Источником информации о событиях вокруг храма был интернет. Могло бы стать и местное телевидение: не проходило недели, чтобы хотя бы в одной передаче не обсосали эту карамельку. Но передачи были рассчитаны на обывателя, и делали их обыватели. Их интересовали только экзотика, «тайны» и сплетни. Илья сперва принуждал себя смотреть эту бодягу (а вдруг в навозной куче обнаружится жемчужное зерно!), потом понял, что его зомбируют.

Еще раз подчеркнем: Строитель, как человек, как явление, был Илье не интересен. Как не интересны были Илье вообще все люди, все до единого, за исключением Марии. Есть такой человек, Строитель, нет его… Но он наступил на жизнь Ильи. Вот так любой из нас, идя по тропинке, наступает на муравья. Пусть Строитель не ведал того, он это сделал. Он стал причиной. И если убрать эту причину… Проще всего было бы его убить. Не застрелить (естественно, чужими руками), потому что все сразу бы подумали на Илью. Оно и понятно: кому это выгодно?.. Илье, при его-то репутации, было все равно, что о нем подумают; только не Мария. Такая смерть Строителя убила бы в ее сердце Илью. Не отвратила — именно убила бы. Невозвратно… Нет; смерть — дело тихое, и умереть Строитель должен был бы тихо: похворал, похворал и преставился. А еще лучше, если б его нашли повесившимся в храме. Зрелище не из приятных, у любого человека оно вызывает отторжение. Это не тот случай, когда мертвец, в ореоле любви, навсегда поселяется в сердце. К тому же — осквернение храма… Если в такой момент оказаться возле Марии, не навязываясь, ни на что не претендуя, только присутствуя… Человек — часть природы, с которой он связан не только энергией и физиологией; инстинкты — вот его истинная «интеллектуальная» связь с природой; не разум (разум нужен только для осмысления, для примитивного выбора «да» — «нет») — инстинкт Марии искал бы в такой момент, чем вытеснить негатив, чем заполнить вдруг образовавшуюся пустоту. А ты рядом, такой внимательный, пластичный, ненавязчивый…

Старая истина: нет человека — нет проблемы.

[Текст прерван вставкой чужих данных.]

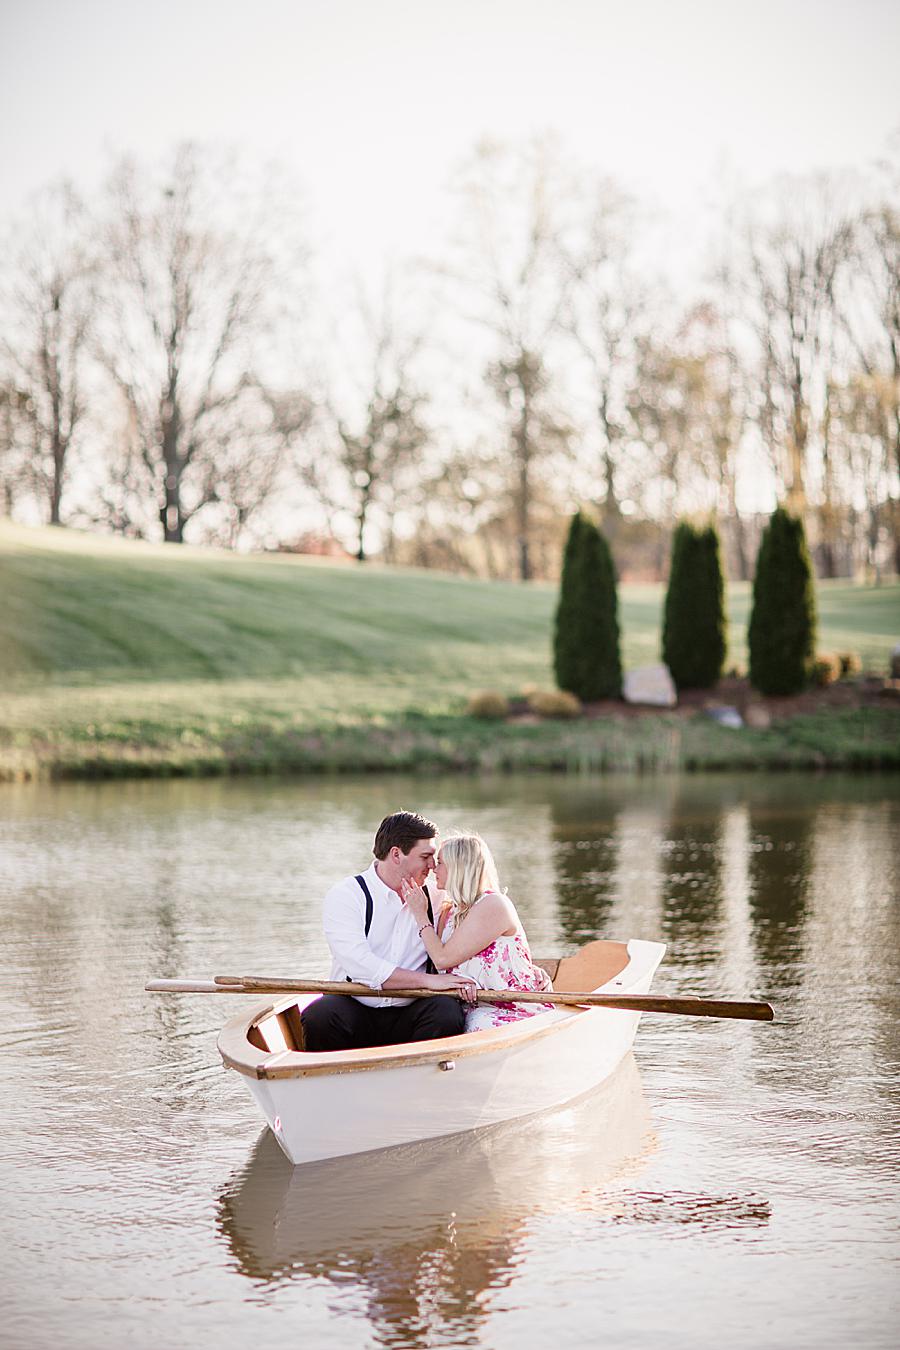 Spring pond at this 2018 favorite engagements by Knoxville Wedding Photographer, Amanda May Photos.

Убить — было бы идеальным выходом. Илья это понимал — но дальше дело не шло. Что-то тормозило его. Естественно, не совесть. Нечто неосознанное. Опять же, естественно, Илья мог бы переломить себя, заставить себя пойти на это убийство. Он это понимал, но не сделал ни одного шага в этом направлении. Даже не обдумывал. А для самооправдания сочинил такое объяснение: убийство — средство обретения свободы, значит и совершаться оно должно естественно, свободно; а если приходится себя принуждать, опираясь на костыли логики и теориек, по примеру Родиона Романовича с его топориком, то получится не освобождение, а конфуз, пустые хлопоты и разбитые надежды.

Другое дело — деньги, кровь храмовой затеи. Вот на деньги Илья готов был идти с легким сердцем. Перерезать жилу, спустить кровь — это же как любопытно будет поглядеть, что после этого произойдет! Не откроется ли тогда истинная сущность нашего хваленого Строителя? Не окажется ли он всего лишь функцией, переходной муфтой, материализующей деньги — призрачную, условную ценность — в храм? Пока есть ток, динамо крутит машину, тока не стало — и в динамо не станет нужды…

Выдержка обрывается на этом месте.